Of course, that would all be a bit more acceptable if Warfighter at least tried to do something different, but rather it doesn't and merely tows the line and steals from the playbooks of every military shooter that's come before it. It's all here, you'll shoot at the same bad guys in the same locations with the same guns you've used in every Call of Duty and Battlefield before. But here's the kicker -- it does a lot of these moments worse than what's come before. Warfighter is an incredibly scripted experience, and your AI partners will carry out their pre-written actions regardless of what's going on around them. Say for instance you've flanked an entire squad of enemies and all that's left is a machine gunner on the complete opposite side of the screen; your squadmates will still carry out their actions as if all of those enemies were still there, regardless of if it puts them in harm's way or not.

"There is no room for improv here..."


This is all combined with the utterly cheap feeling that persists throughout the Warfighter experience. Guns never have a real weight to them, feel incredibly inaccurate and they sound like plastic props when being fired, even with impressive sound equipment. Perhaps most cheap is how the game insists on not just holding your hand through what could be fun sections, but grabbing your wrist and dragging you through them. There is no room for improv here and missions must be played out the way the game says -- there's even a point early on in the game where you're literally led to a window and forced to shoot a sniper rifle, all with very little interactivity.

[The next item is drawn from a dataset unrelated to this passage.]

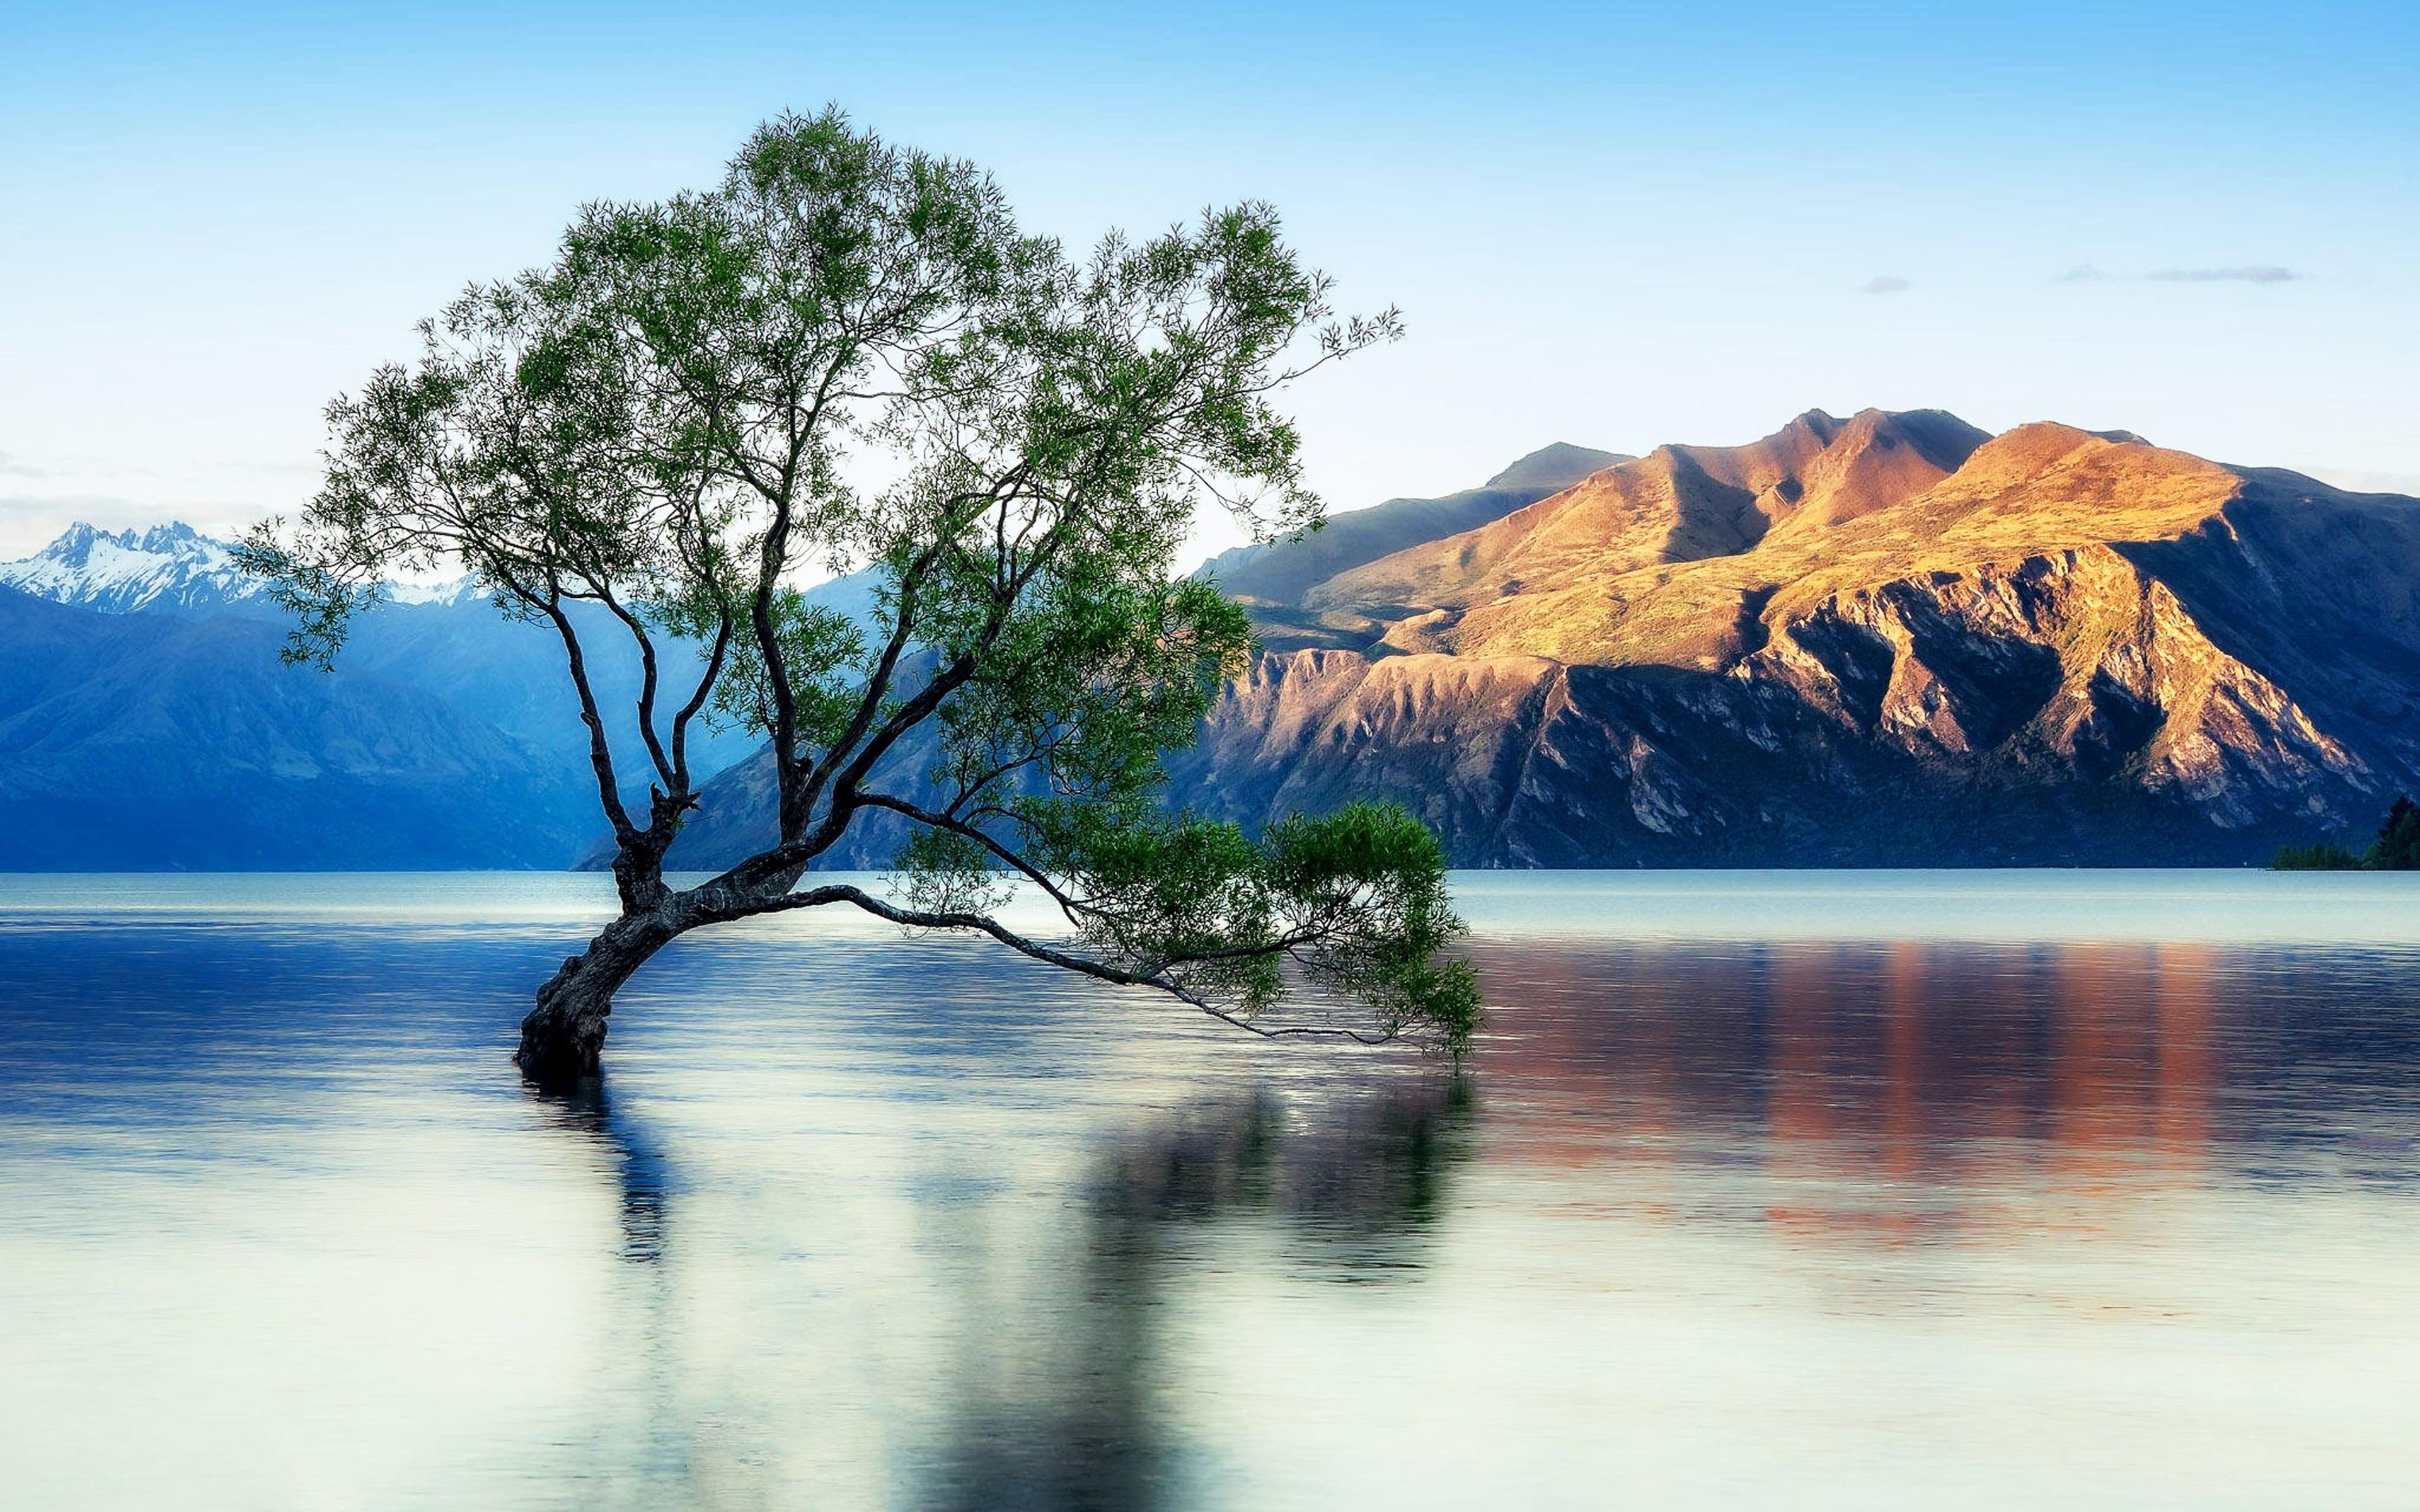 Lake Wanaka Beautiful Reflection New Zealand Wallpaper - New Zealand High Res , HD Wallpaper & Backgrounds

Of course, like most Modern military shooters, Medal of Honor comes packed with an extensive multiplayer suite, but sadly it too does little to differentiate itself from the competition. It's not that it doesn't try, the game does use a novel approach of employing special operatives from a number of different nations, but it can't help account for the terrible map design, cluttered HUD and prodding pacing. If Warfighter has any legs it's in the multiplayer, but that's not saying much at all.

Years from now, when we look back at this console generation, Medal of Honor: Warfighter will be remembered as the straw that broke the proverbial camel's back -- if it's remembered at all. It's the definition of a lazy cash-grab that doesn't try to do anything but emulate what came before it and it does so badly. There is fun to be had here, but it's nothing you can't find for a third of the price elsewhere.

CHEATS USED: No Damage, Unlimited Ammo, Super Accuracy, more
The greatest thing about the trainer for Medal of Honor: Warfighter isn't that it makes you a bit of a super soldier or that it gives you the freedom to experiment a bit with the game, but that it makes the game's weapons feel a bit more realistic and weighty in your soldier's hands thanks to the no recoil and even the no reload cheats.

I would love to see a cheat that somehow makes your AI squadmates less suicidal, but hey -- maybe in the next update.